NCDOT had pursued a new bridge crossing for years before suspending plans indefinitely in 2019 and turning its efforts toward replacing the Cape Fear Memorial. The following result was a year-long feasibility study that in 2020 produced four options, one being a shared-use bridge, combining highway and rail, as well as a multi-use path.

The rail and highway components would have a shared foundation but independent structures and be around 200-feet long with a 65-foot vertical clearance.

There is no funding in place for the bridge replacement, a contentious topic for local officials over the last few years. The option of a toll has been considered as a way to pay for the cost of construction, as NCDOT’s Strategic Transportation Improvement Plan did not rank the project high enough to be considered for funding.

The city has secured $2.5 million toward the cost needed to develop 30% of engineering plans for the rail realignment, which would reroute CSX rail lines over the Cape Fear River into Brunswick County. The new route would also provide more direct access to the Port of Wilmington.

“Both projects are still in the very early stages,” Parsley told council.

However, local officials want to examine more in-depth what it would take to pursue a joint project, including aesthetics, function and cost, compared to tackling each independently.

Parley outlined the high-level steps Hardesty and Hanover will take to complete its report, first with gathering information that exists and understanding what still needs to be studied. Additional findings may include soil tests in the river and other environmental factors.

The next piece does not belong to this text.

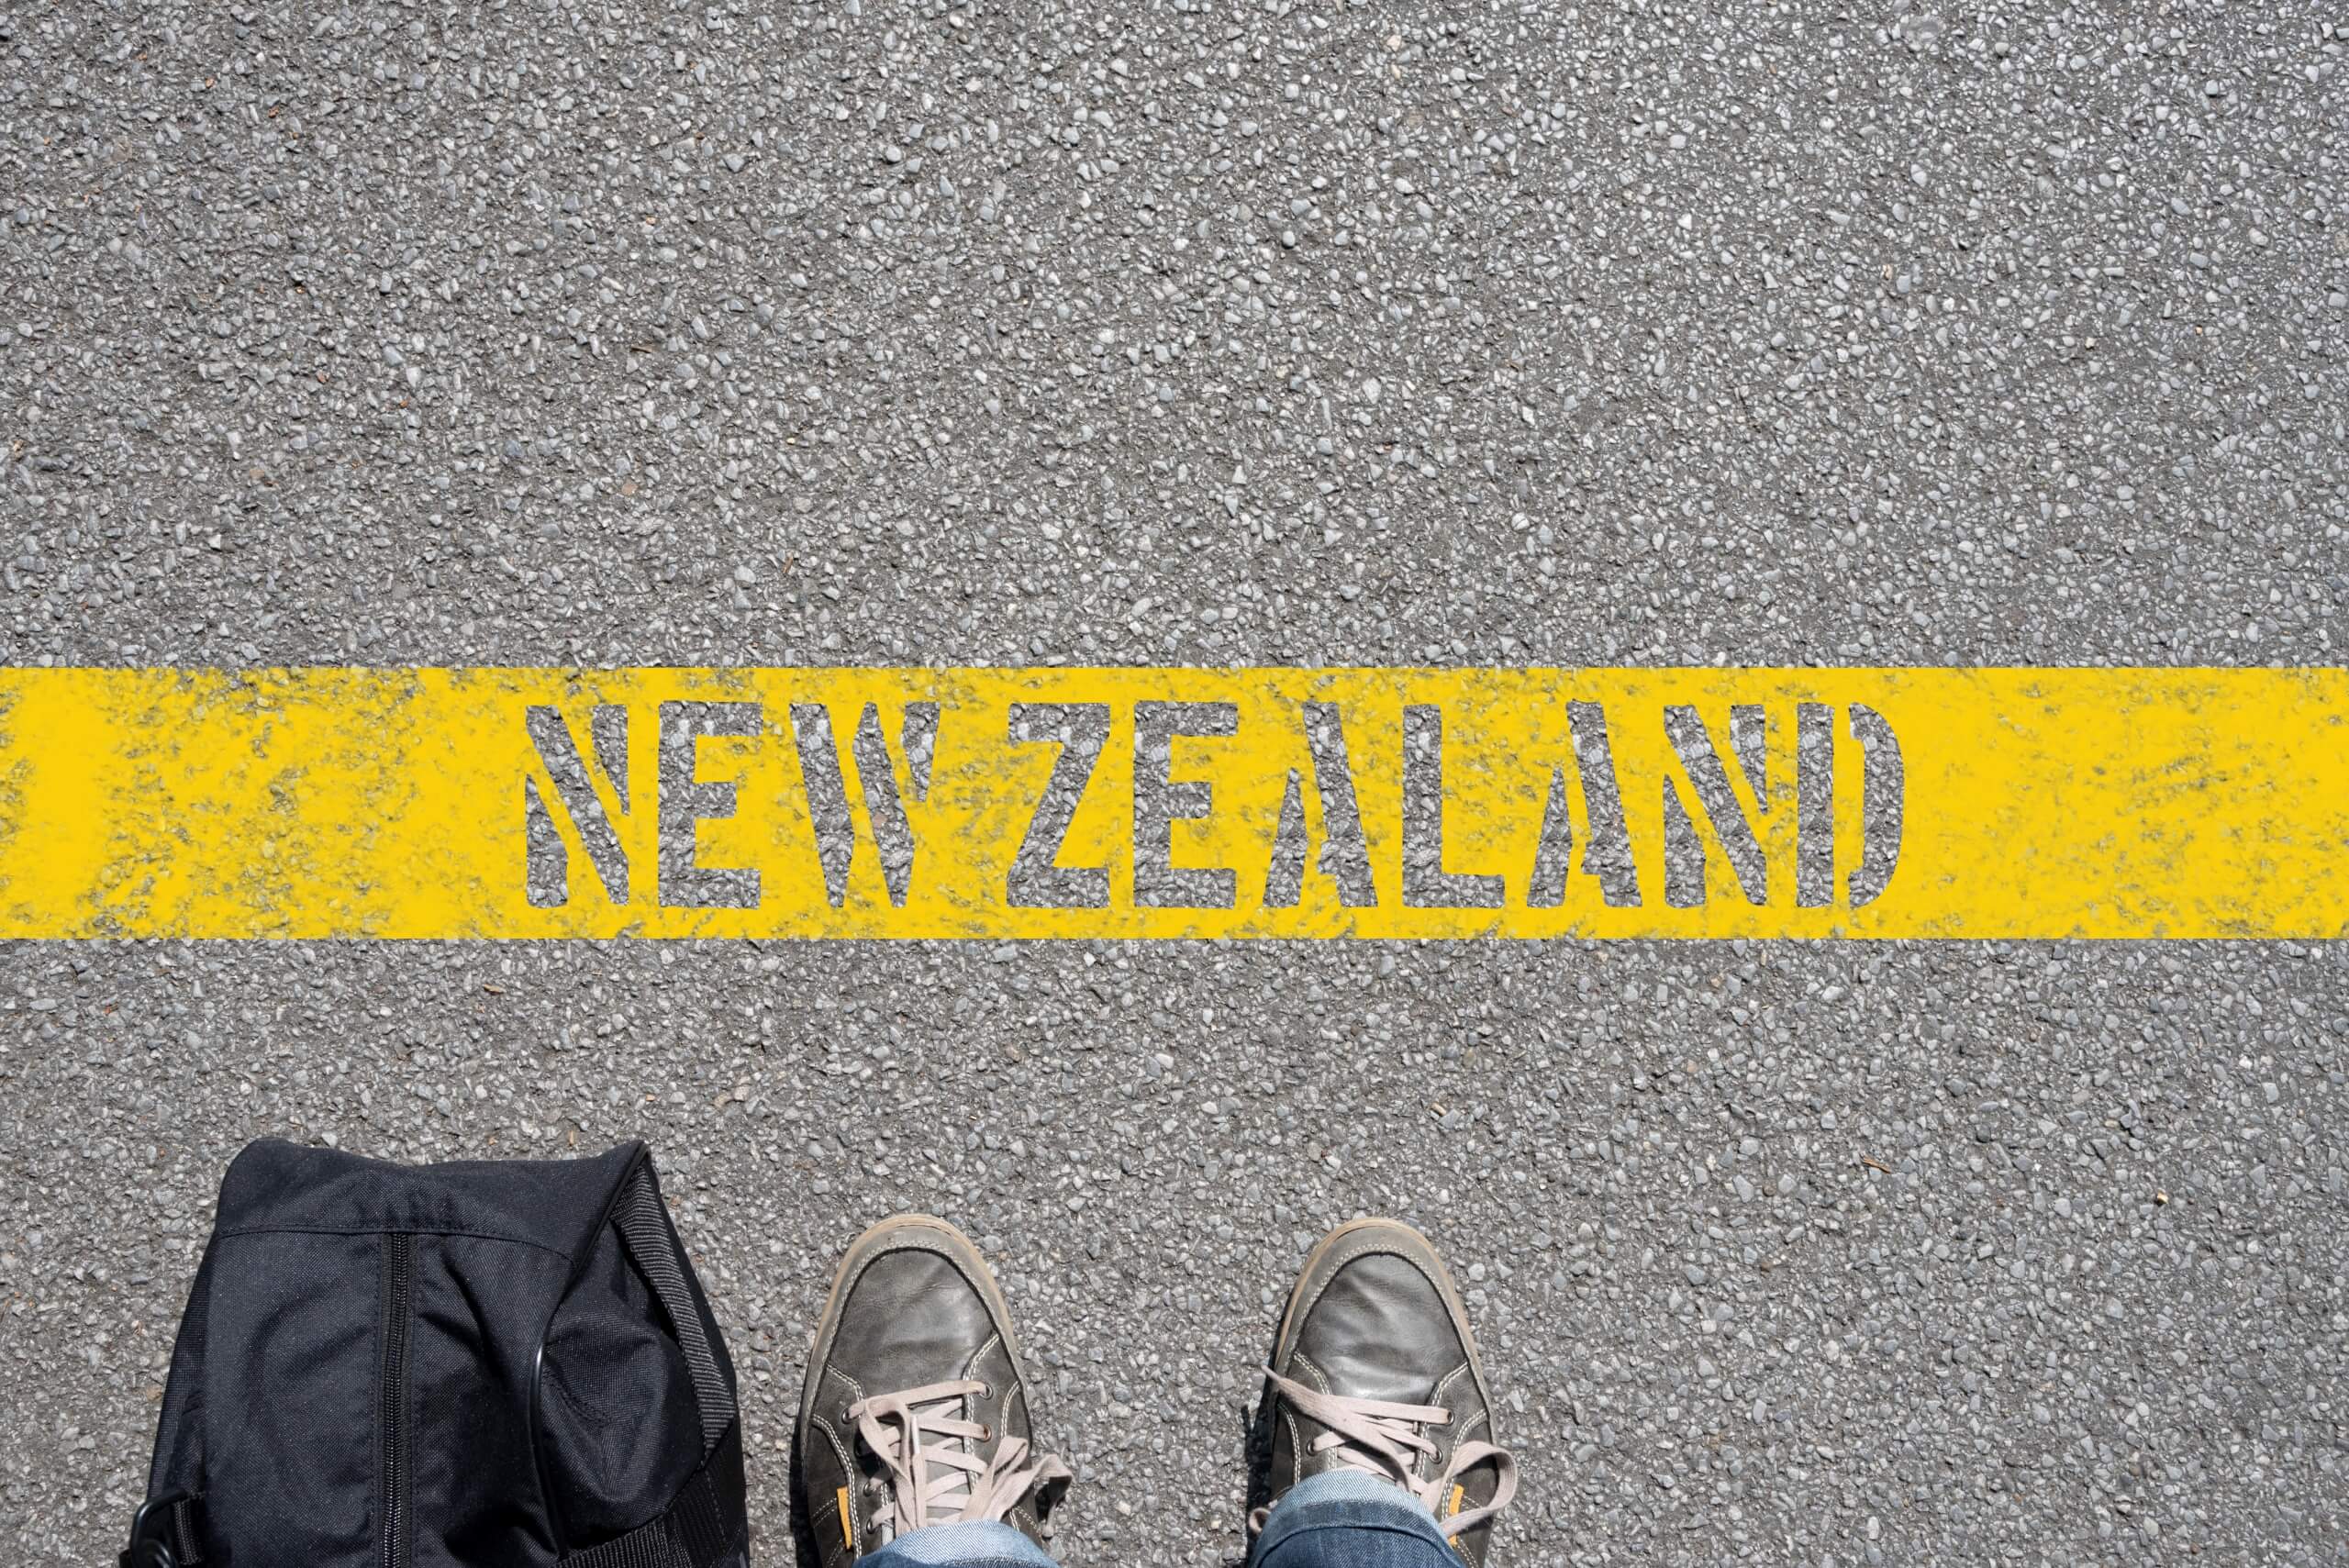 Emigrating to New Zealand when you are 50 years old

Next, the firm would establish a “practical shared-use concept,” meaning if the structure be parallel, stacked, or include a fixed bridge component. It would then generate a conceptual design and weigh the monetary and non-monetary trade-offs, such as incorporating other transportation projects.

Parsley and Hardesty and Hanover representative Roger Rochelle also presented its plan of action to the WMPO board Wednesday. Rochelle told members an “A-plus team” was assigned to the study.

He also explained the company will analyze how the infrastructure could impact the surrounding areas and noted there’s a possibility of incorporating the South Front Street widening project as well.

The N.C State Ports Authority has been advocating for the South Front Street widening to progress more quickly to assist with truck travel to and from the Port of Wilmington. The expansion project would broaden South Front from two to four lanes but is currently unfunded by NCDOT’s STIP. The WMPO has considered “swapping it” in place of a proposed four-lane road project at Market Street.

Rochelle said the comprehensive analysis for reviewing a rail and highway bridge is a “rapid study” with the hopes to present draft results to WMPO and city council in July or August 2023.

Stakeholder feedback will be included before a final report is released next year.

NCDOT completed an express design study in 2020 as a preliminary concept into what combining the two projects could look like. (Courtesy/City of Wilmington)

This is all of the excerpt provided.